I learned the hard way how you and cab operate,and i wont be pulled in to be dissected, so if you feel you cant answer a simple question,which im sure you and most know what it is about,then so be it,keep avoiding it with your games,i think we can all draw our own conclusions this way


----------



## col (3 Sep 2008)

> Not dancing around anything. I thought I'd made it perfectly clear where I'm coming from.
> 
> I asked you to define what you see to be 'winding up'. I also asked you to consider what actually happened and the motives behind it.
> 
> ...



you caught me out there with your edit

Ill ask once more then i wont ask again,as your starting your offshoot games and avoiding answering anyway,so here you go one last time.

Winding someone up to react is right or wrong?


----------



## Cab (3 Sep 2008)

col said:


> I learned the hard way how you and cab operate,and i wont be pulled in to be dissected,



Heaven forbid you be distracted by something as meaningless as a defined, meaningful question rather than a vague loaded one (did you stop beating your wife).

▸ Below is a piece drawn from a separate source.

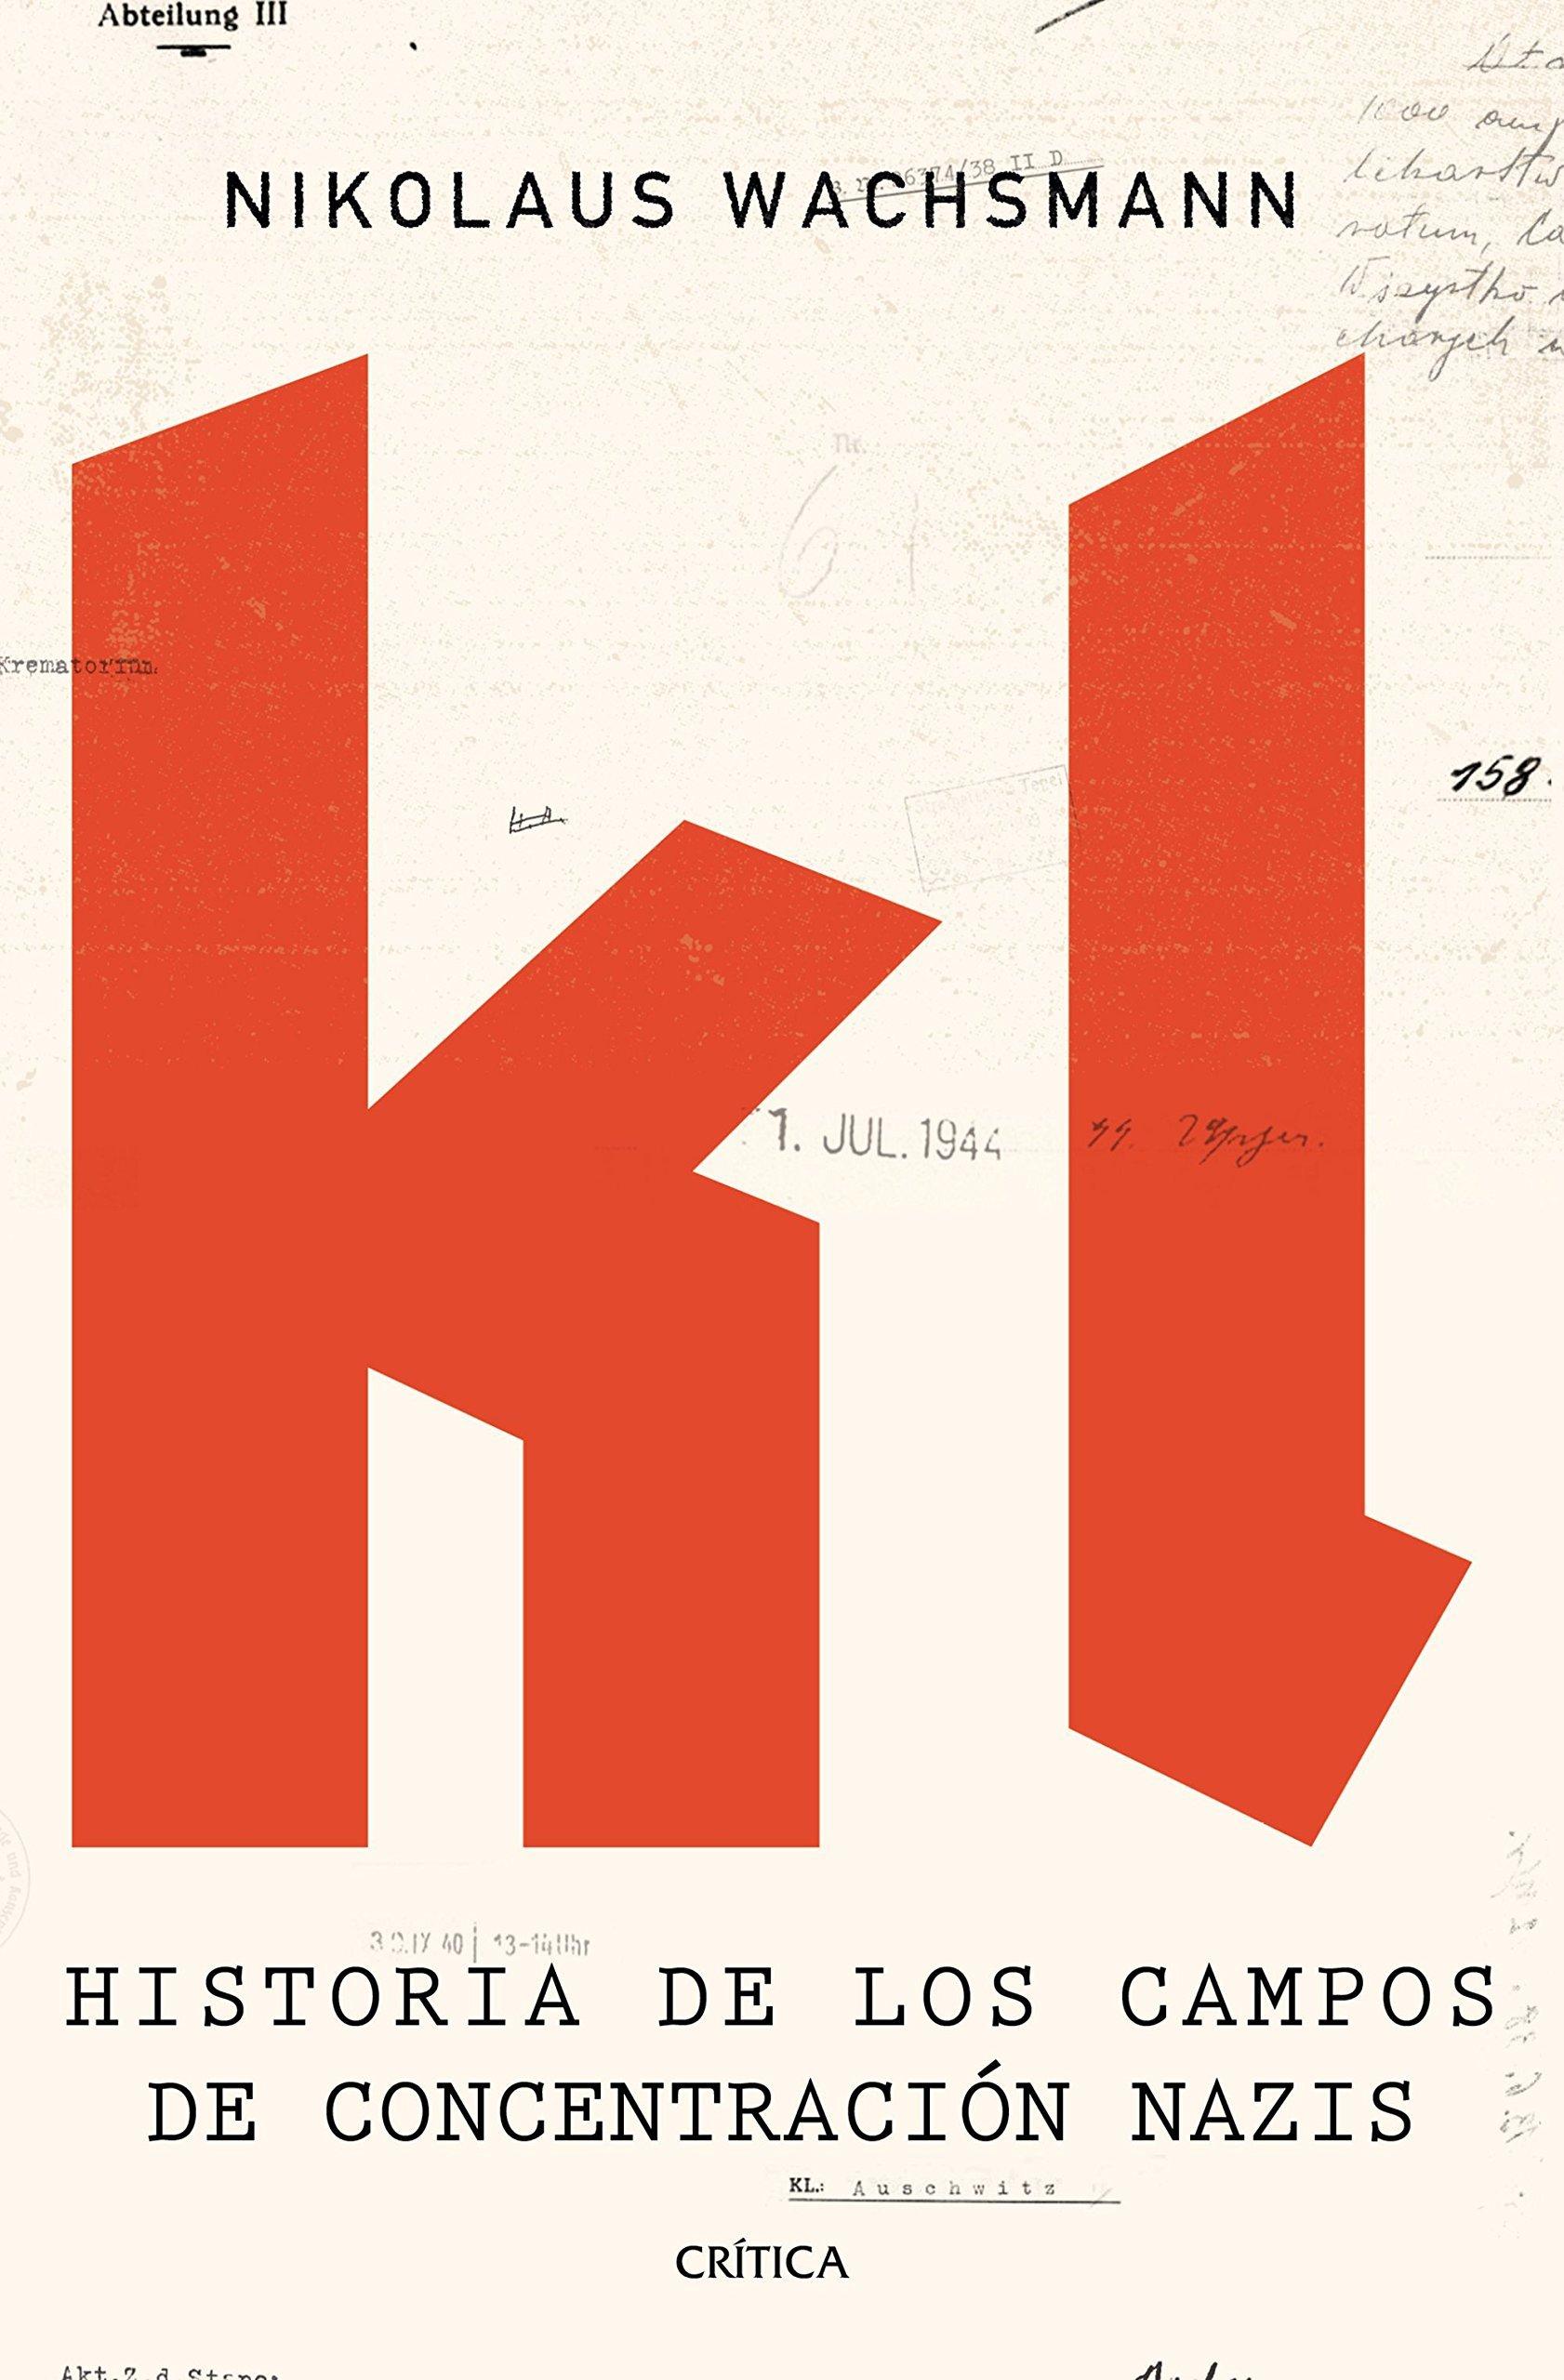 KL: Historia de los campos de concentración nazis Nikolaus Wachsmann

> so if you feel you cant answer a simple question,which im sure you and most know what it is about,then so be it,keep avoiding it with your games,i think we can all draw our own conclusions this way



Yes, I'm afraid (for your sake) that we all can.


----------



## col (3 Sep 2008)

> It's not a competition. And you're still funny. Anything other than the answer you want is diversion.
> 
> Put it into context. Which winding up are you talking about?
> 
> ...





Cab said:


> Heaven forbid you be distracted by something as meaningless as a defined, meaningful question rather than a vague loaded one (did you stop beating your wife).
> 
> 
> Still alive here
> ...




 Ok ill humour you a little longer,your both twisting it round,trying to say i have to answer before you have the ability to answer,ok here it is in even simpler form.
Winding up to get a reaction of anger,right or wrong.?


----------



## col (3 Sep 2008)

> Col, let's clear this up then, seeing as you don't seem to grasp how debate goes.
> 
> Are you talking about the first actions of the cyclist? If you are, the pre-question is whether this is considered to be winding up.
> 
> ...



Even simpler format for you

winding up to anger by a cyclist in the first instance,right or wrong?
You surely cant not understand now?


----------



## Cab (3 Sep 2008)

> edit: I really don't know why I'm making this effort with you, as I've already commented on both scenarios.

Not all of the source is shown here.